We continue investigating the cause of the intrusion and will provide more details as soon as they become available. Meanwhile we assure all our customers and partners that none of their information has been compromised and that our products and services continue functioning as normal.
Re: Panda Security's official statement
Yes, but lets be honest Panda...
For all your knee- bent-running-about-crisis-management-behaviour, you still look a bit silly.
Being self styled online security experts. There's really no getting away from that, is there?
Intrusion detection? Backup & recovery? Password security? Patching?
eggs - basket
"the hacking group LulzSec, part of Anonymous"
Beware script kiddies, you're next to be included.
Who's after that to join the enemies of freedom and decency?
Re: eggs - basket
freedom and decency are in the eye of the beholder
Re: Panda Security's official statement
Panda, you were beaten at the very game your tout yourselves as being experts in. Supposedly experts in preventing what happened to you from happening to others. If you think for a minute you can word-smith and spin yourselves out of an embarrassing and untenable position you're as delusional as they come.
What you need to do is acknowledge you were had and then move on from there and do better. But, since you'd have us believe you're the very best, I'd suggest you have just put your foot in your mouth, stepped on your crank and any number of things that demonstrate your basic, underlying, incompetence.
@Doug Glass: Not at all.
The internals, where Panda product are deployed, were unaffected by the hack. The marketing sites, controlled by the clueless drones and bean counters who ignored our security advice for ease of use and cost control, were hacked. So their product is good, AND they've provided evidence of what happens when it's ignored.
See how easy that is? And I don't even work for or use their product.
It appears that Sabu is being denounced because the other Anon/Lulzsec members think he's a "snitch" - I'd be interested to see how the other members of Anon/Lulzsec stand up to interrogation by professional law enforcement. I suspect they think it'd be easy, I mean, how hard can it be?

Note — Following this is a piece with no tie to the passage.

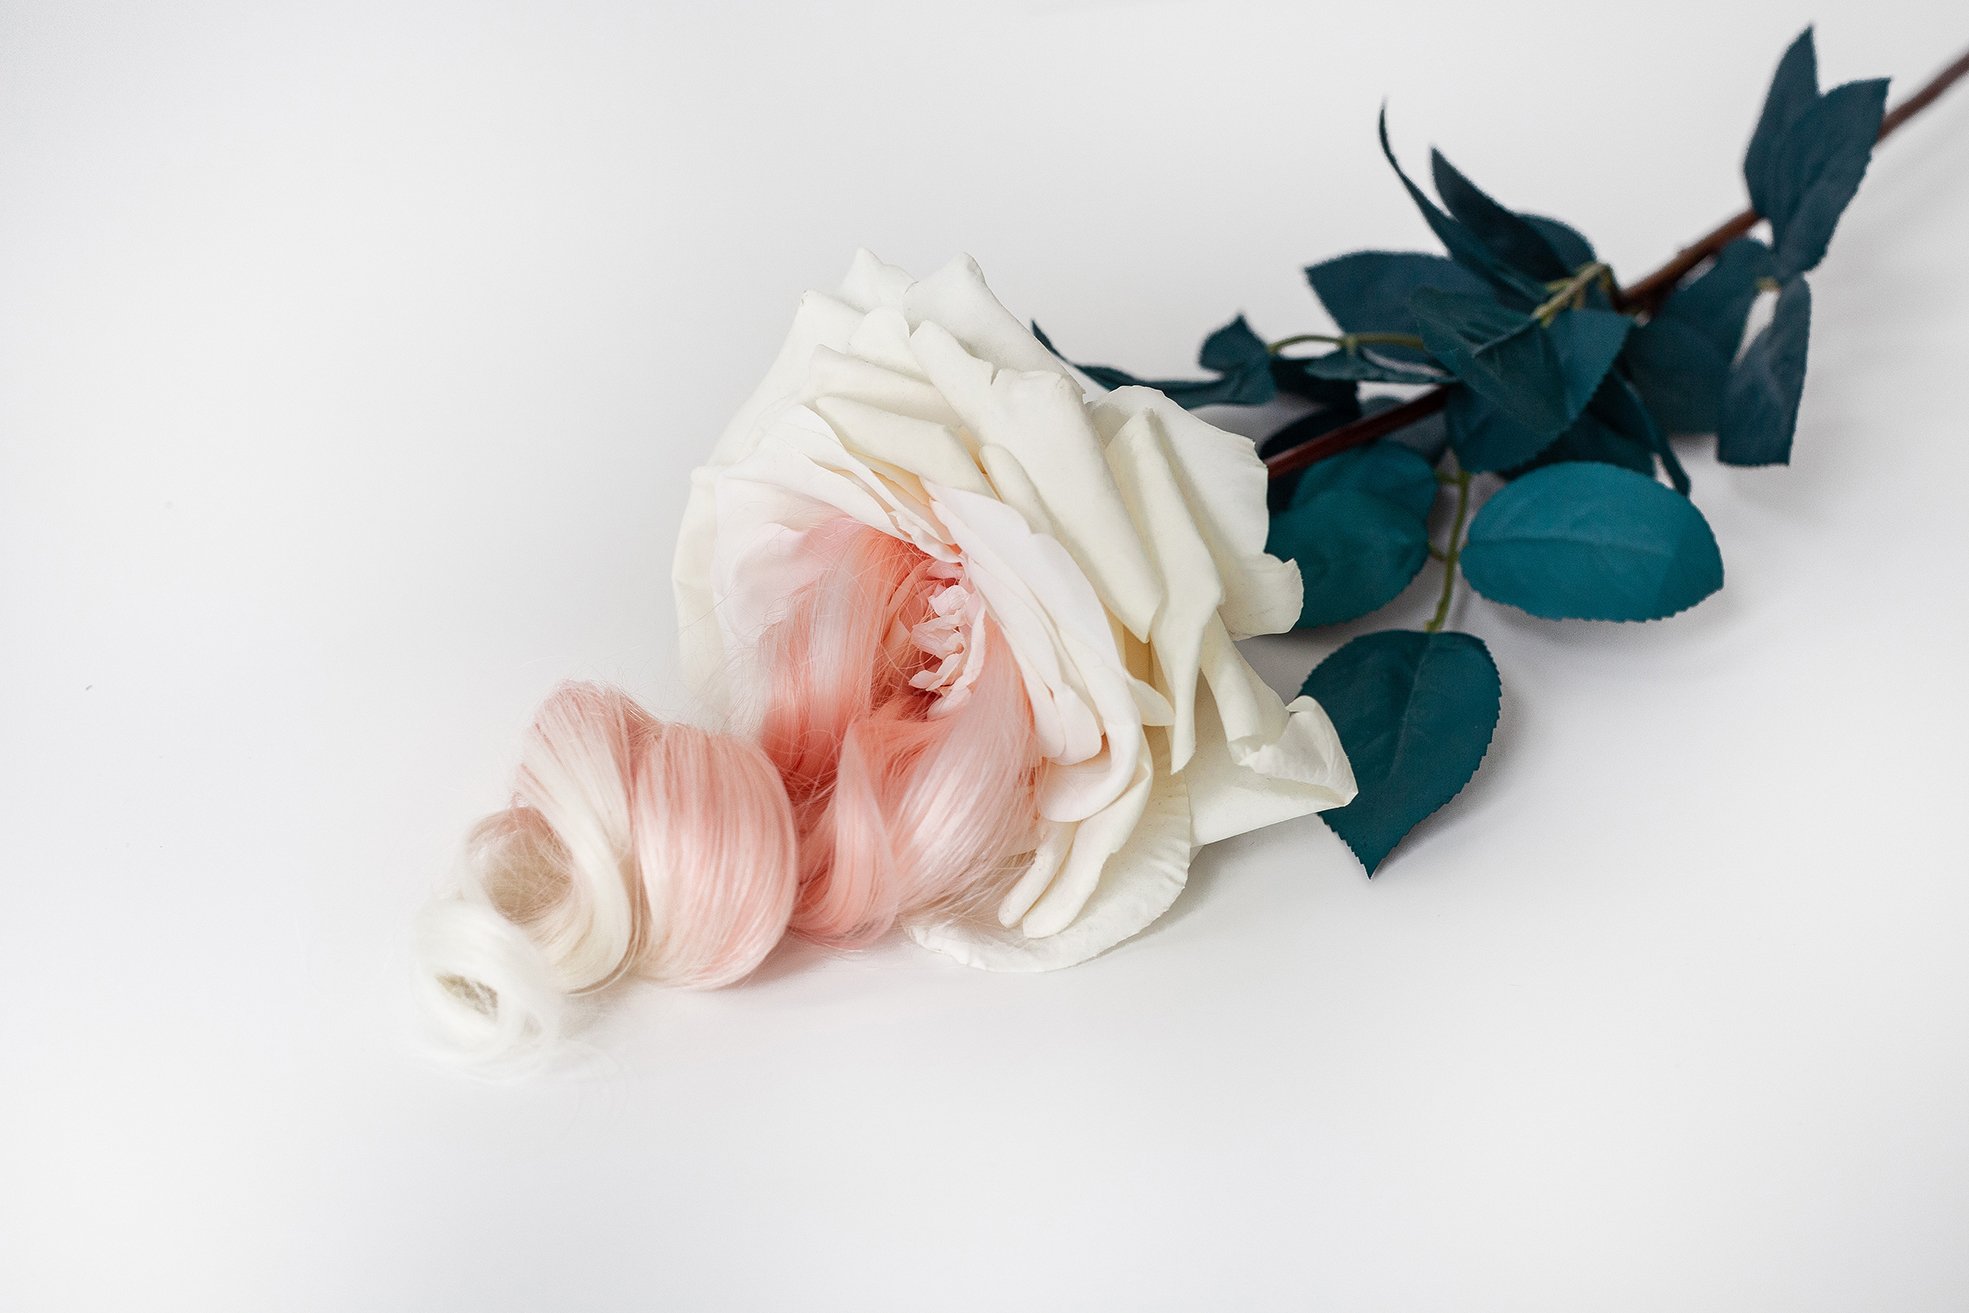 Sleeping beauty Rose-Aurore. From the Stranger Stories exhibition curated by Lizaveta Matveeva at MYTH Gallery. Saint Petersburg, 2019
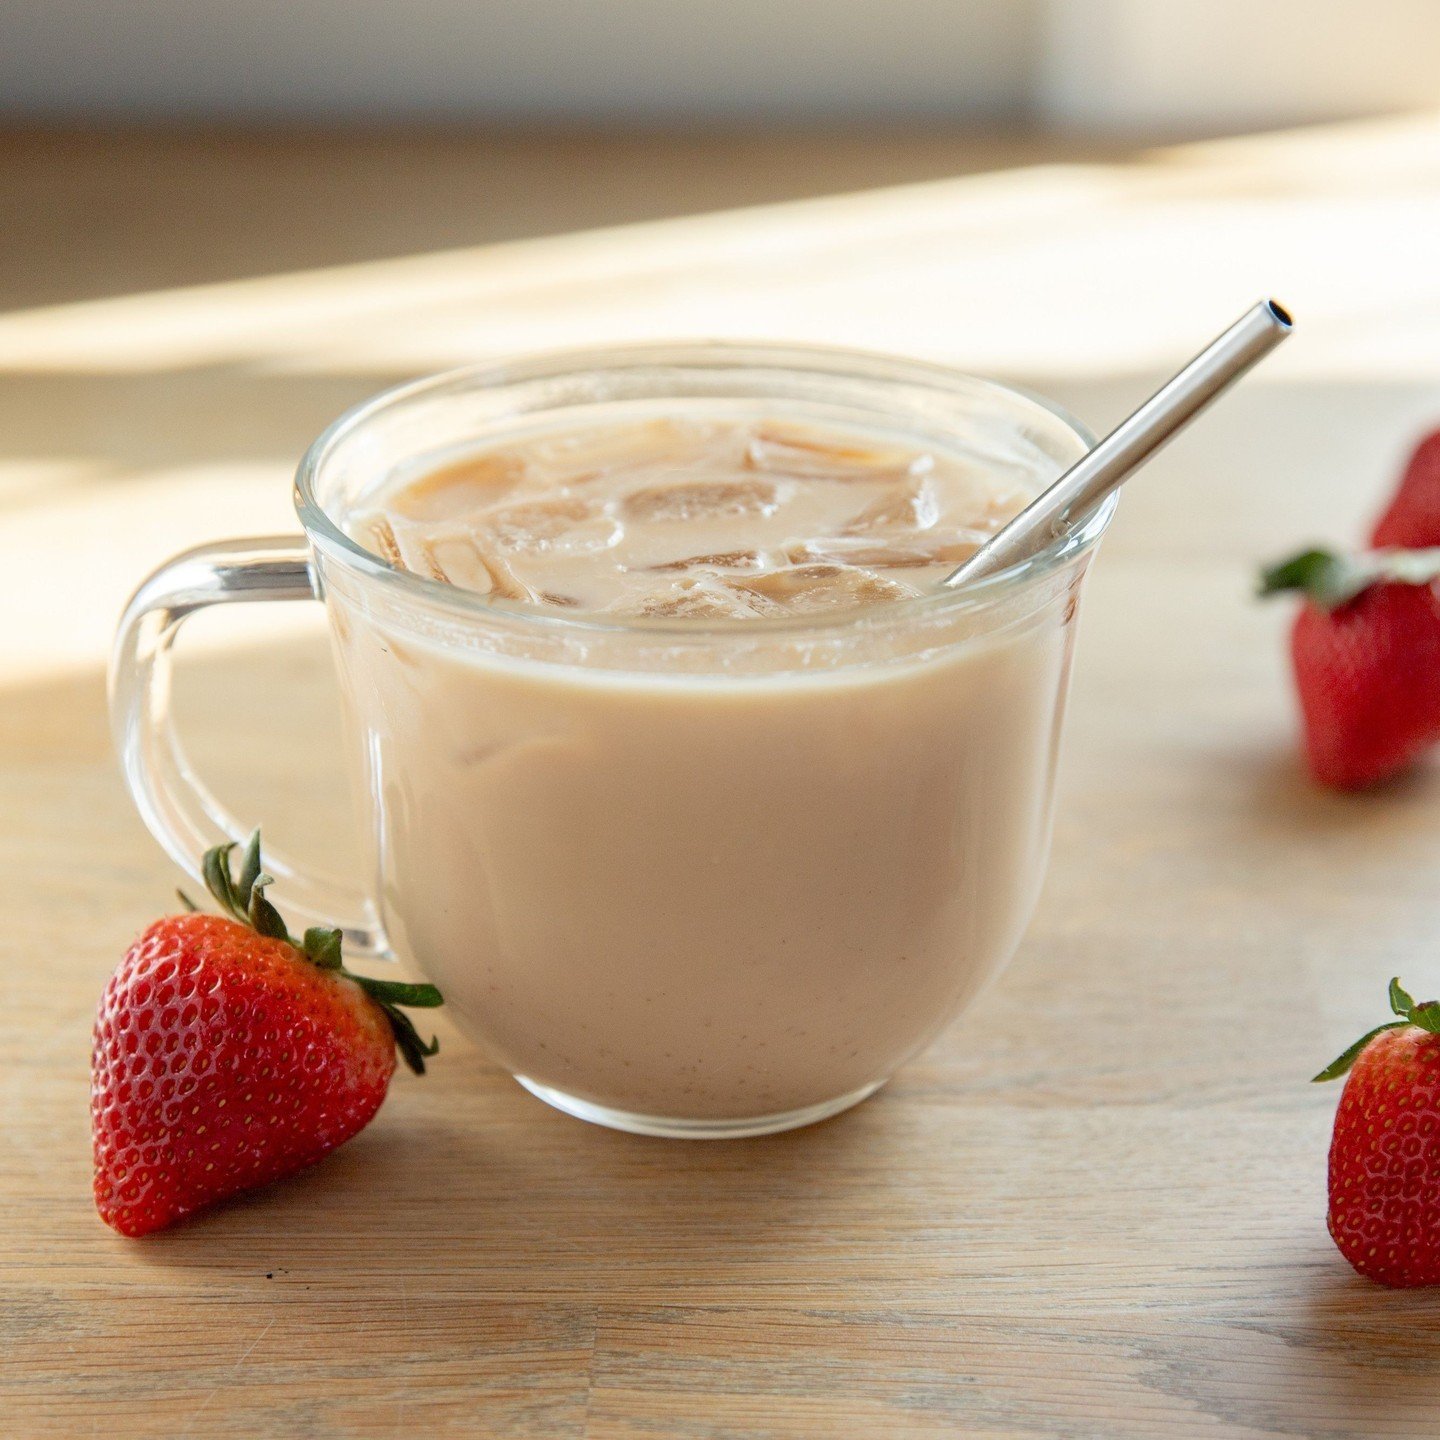 We're celebrating the season with our new Stirring Up Spring Iced Latte! This refreshing beverage is made with lavender syrup, strawberry puree, espresso, and your choice of milk. 🍓 Available while supplies last!

Well, it turns out very hard (I speak from experience), especially if you're the sort of person who gets cocky and doesn't just stick with "No Comment" as an answer to anything.
According to reports I've read, there wasn't much interrogating. Police knocked on his door, he realized the jig was up and just how badly he was screwed and started chattering away before they even took him down to be booked. After he'd been booked, he was pretty much a sock puppet for the FBI. Which means the other arrests that have just been made are likely to hold up well in court. The question for LULZ and anon is: How much do you trust those people not to turn just as quickly as Sabu did?
Denial is not working
Denial doesn't seem to be working too well for Anon, Sabu, Assange or The Pirate Bay Boys. there seems to be a pattern here. It would appear that Denial is not a river in Egypt.
so are they a sad panda?
I wonder ....
What would make this a great story is if they police were accused of entrapment by using Sabu. I don't think I have prepared this much popcorn in a while.
Let the circus begin
It should be funny hearing the defenses for these hackers in court.
"I'couldn't get a job so I hacked the FBI website to show them how smart I R."